The Leaf, now in its fifth model year, will be replaced roughly a year after the Volt. It’s expected to offer a range of battery packs, with the highest electric range somewhere between 140 and 200 miles.
The third-highest selling electric reported thus far is BMW’s i3, which logged 922 sales last month — close to the 1,000 monthly level it’s been hitting since last summer.
For its part, Tesla reported that it had sold 10,030 cars in the first quarter.
Plug-in hybrids
Sales of the Toyota Prius Plug-In Hybrid continued at the low level they’ve logged since last summer, with 473 delivered in March.
That’s up from the previous two months’ numbers, but the plug-in Prius — which has the lowest electric range of any plug-in car sold in North America — hasn’t cracked 1,000 monthly sales since July.
Lower-volume entries
The most recent pair of German battery-electric vehicles recovered somewhat from February’s low delivery numbers.
The Mercedes-Benz B-Class Electric Drive sold 145 in March, while the Volkswagen e-Golf was at 195.
The tiny Mitsubishi i-MiEV battery-electric minicar, meanwhile, saw March sales five times those of February.

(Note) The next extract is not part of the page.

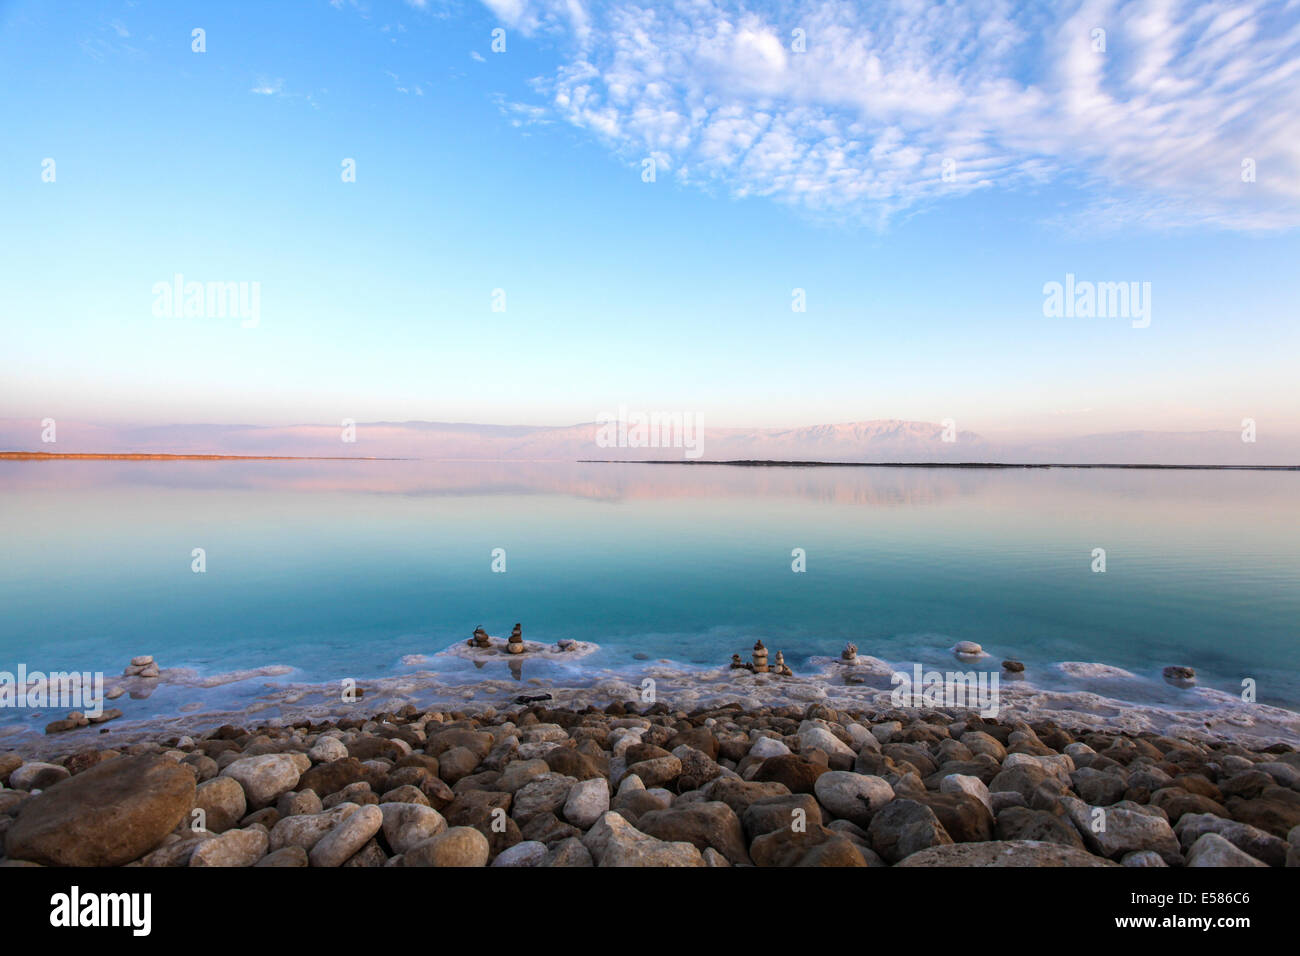 Israel, Dead Sea landscape view - Stock Image

That is, 10 i-MiEVs found buyers in March versus two in February.
The $75,000 Cadillac ELR range-extended electric luxury coupe saw another 92 sales — bringing its total delivered since December 2013 to 1,627.
Among the compliance cars, one more Honda Fit EV found a buyer in March, its first sale since last December. And four more Toyota RAV4 EVs were delivered.
Both cars are at the end of their model run, with their makers having sold sufficient numbers to meet their California zero-emission vehicle requirements.
Chevy sold 151 Spark EVs as well, bringing the total since launch to 2,040.